Tong-Mongalo said boards must be empowered to govern without undue political pressure or the ever-present threat of removal for refusing to rubber-stamp shareholder instructions.

“Boards have fiduciary duties to the company and are legally liable for failing to act in its best interests. By contrast, state shareholder representatives often owe their loyalty to political parties rather than the company and are rarely held accountable for decisions that harm the entity. Parliamentary oversight has proven insufficient to enforce this accountability. To restore integrity and functionality in SOC governance, boards must be affirmed as the sole custodians of corporate governance, with original, undelegated authority. Only empowered, independent boards can safeguard public value and ensure the sustainability of SOCs.”

According to the researcher, while the establishment of the Presidential State-Owned Enterprises Council and a Government–Business Partnership signals some recognition of urgency for change, it was not occurring fast enough. 

GOOD secretary-general, Brett Herron said SOCs or state-owned enterprises play a central role in South Africa’s developmental state agenda.

“The shareholder, being the government of South Africa, is meant to act on behalf of the people of South Africa who are the actual shareholders of these companies. These companies must implement the economic transformation agenda our nation is still pursuing and must implement the developmental imperatives of the state’s economic growth plan. However, their boards have independent fiduciary duties arising out of the companies legislation. This primary duty supersedes any personal or political loyalty to a government minister or DG. We’ve already seen this duty being made explicit when Dudu Myeni was declared a delinquent director for life for her role in the mismanagement of SAA.”

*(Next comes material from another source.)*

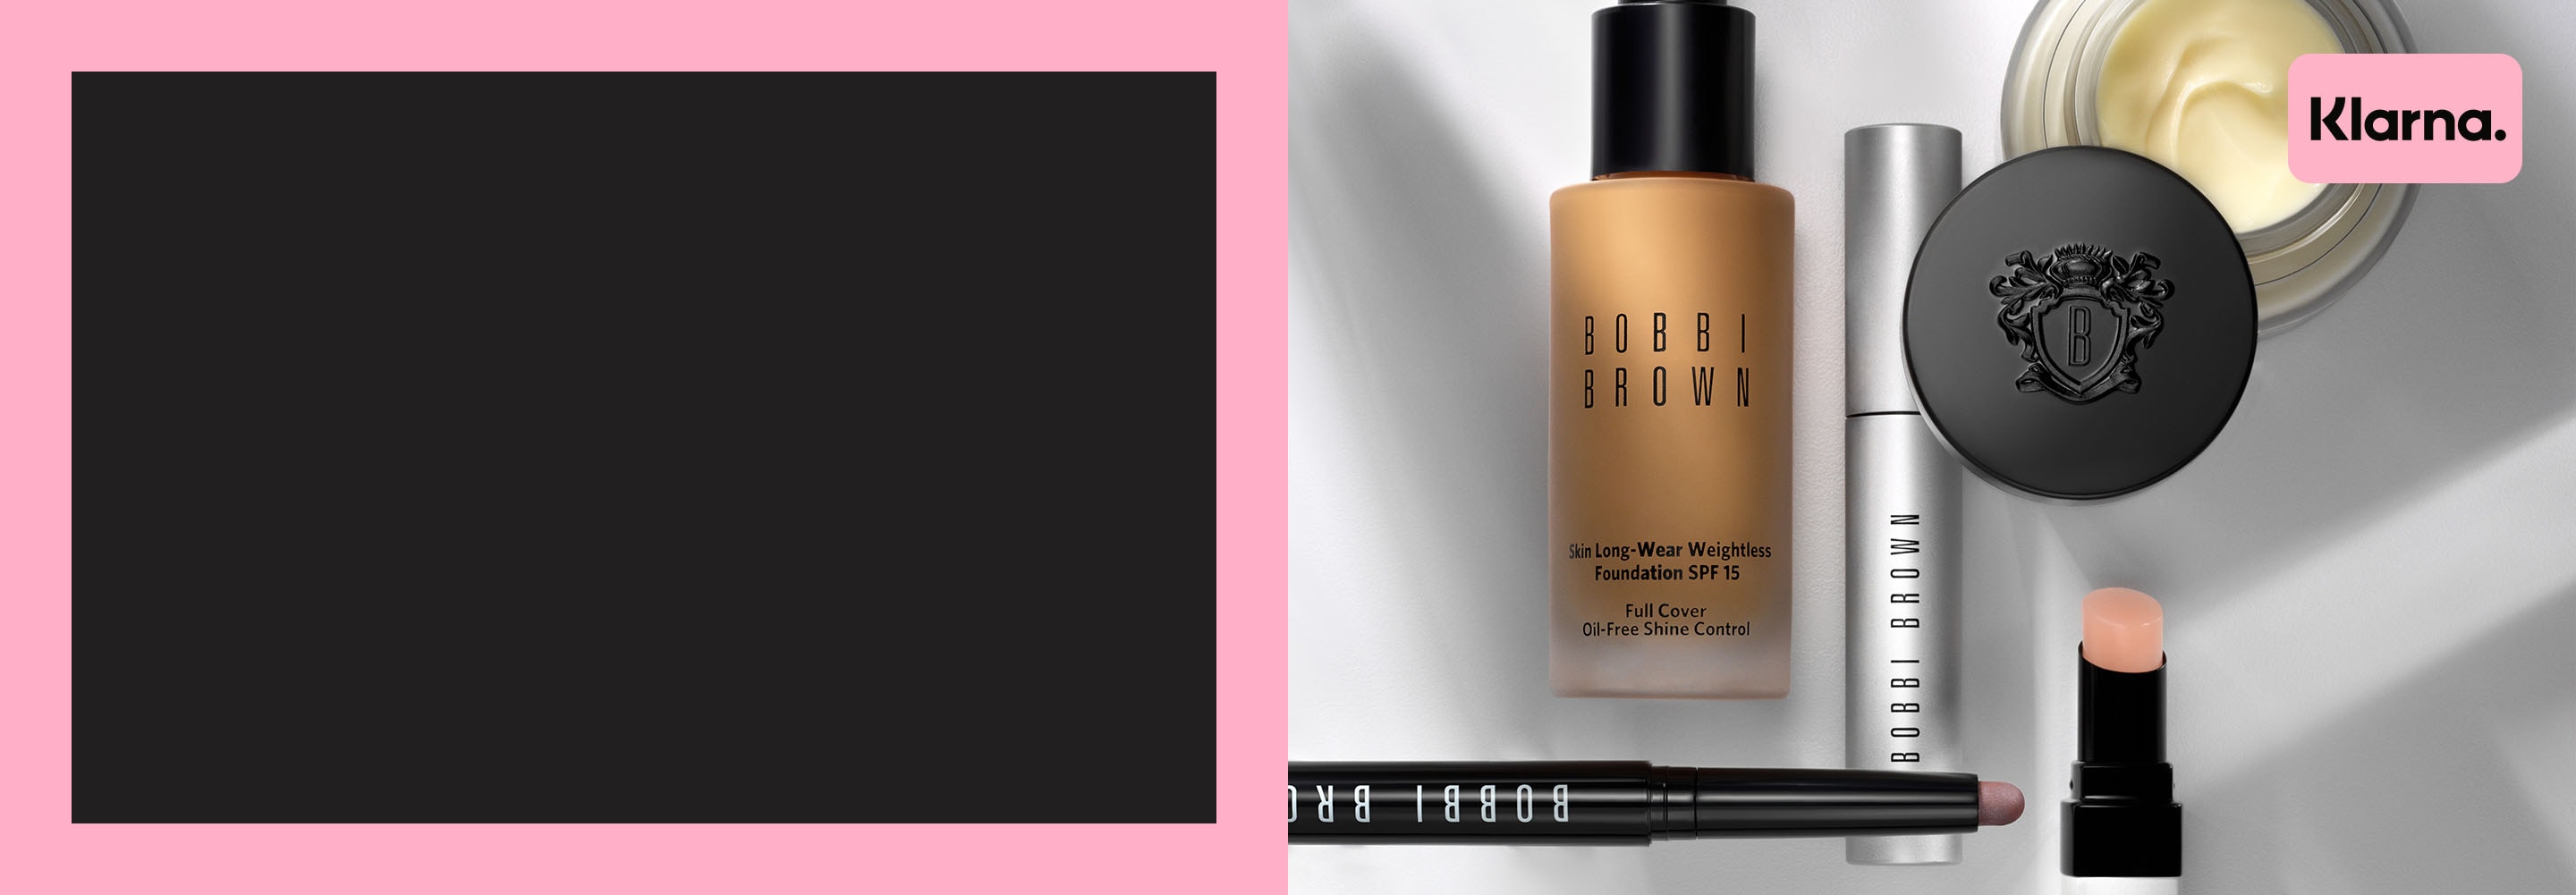 Selection of bestselling Bobbi Brown products over a grey background

Herron added that it was important for those who accept board positions of SOEs to understand the difference between the state’s strategic intent for the SOE and their duty to ensure that strategic intent is pursued without compromising their duties to the company as directors.

“It is unfortunate that for a very long time (SOEs) core functions were undermined for the purposes of looting through their capture. It is very frustrating that those allegedly involved in their capture for crude looting purposes have not been prosecuted at any scale that is meaningful.”

In July this year, President Cyril Ramaphosa released an update on the implementation of the State Capture Commission’s recommendations, coinciding with the nine-year mark since the State of Capture report was released. Of the 218 criminal investigation recommendations made across various focus areas, only 21% had been finalised or enrolled for trial as of March 2025.

Only four state capture-related cases concluded with guilty verdicts.

The president noted amid broader legislative reforms, the Companies Second Amendment Act (Act 17 of 2024) would extend the time limits for initiating director delinquency proceedings to prevent future occurrences of state capture and restore public trust in state institutions.

The Department of Trade, Industry and Competition and the Department of Planning, Monitoring and Evaluation did not respond to requests for comment by deadline.